Good cripe. It never fails. I swear, I must be the only gamer in Scottsdale, as I can't even get a group together in my city.


----------



## fafhrd (Oct 14, 2005)

Oh boo hoo.   For every Tucson post there must be 10 for the Phoenix area.  Isn't it all one big city up there now anyhow?  I currently commute 40 minutes _in town_ to get to my Thursday night game.  It's worth a lil sacrifice ya know?


----------



## Angel Tarragon (Oct 14, 2005)

Little? It is a huge sacrifice, especially since I have no vehicle of my own.


----------



## fafhrd (Oct 14, 2005)

I"ll grant, that certainly makes it more difficult.  Have you tried putting a link in your sig to an open call?  I'd think it could go a long way towards finding you a group, especially with you being such a prolific poster.  

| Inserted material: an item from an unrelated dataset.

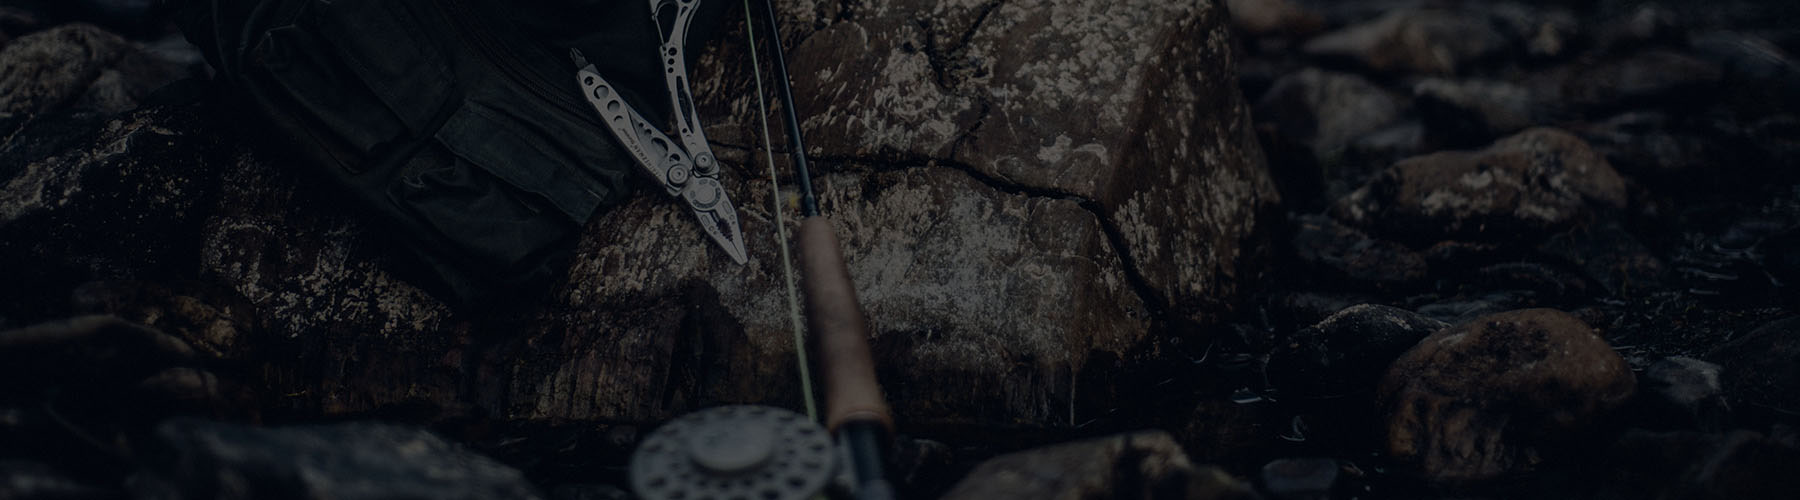 Bag, Leatherman Skeletool, Fishing Rod against rock

I can't tell you how many tempe/phoenix posts have gone by while I looked for Tucson posts.      Being in/near a metropolis certainly leverages some nice odds in your favor.  Could be your fellow Scottsdale gamers are just as despondent as you.  Throw out some net, man.    See what you catch.


----------



## fafhrd (Oct 25, 2005)

Bump for hope!


----------



## fafhrd (Nov 5, 2005)

And again...


----------



## fafhrd (Nov 15, 2005)

The weekly bump.


----------



## fafhrd (Dec 2, 2005)

Last bump for Basin?  Hope you check soon!


----------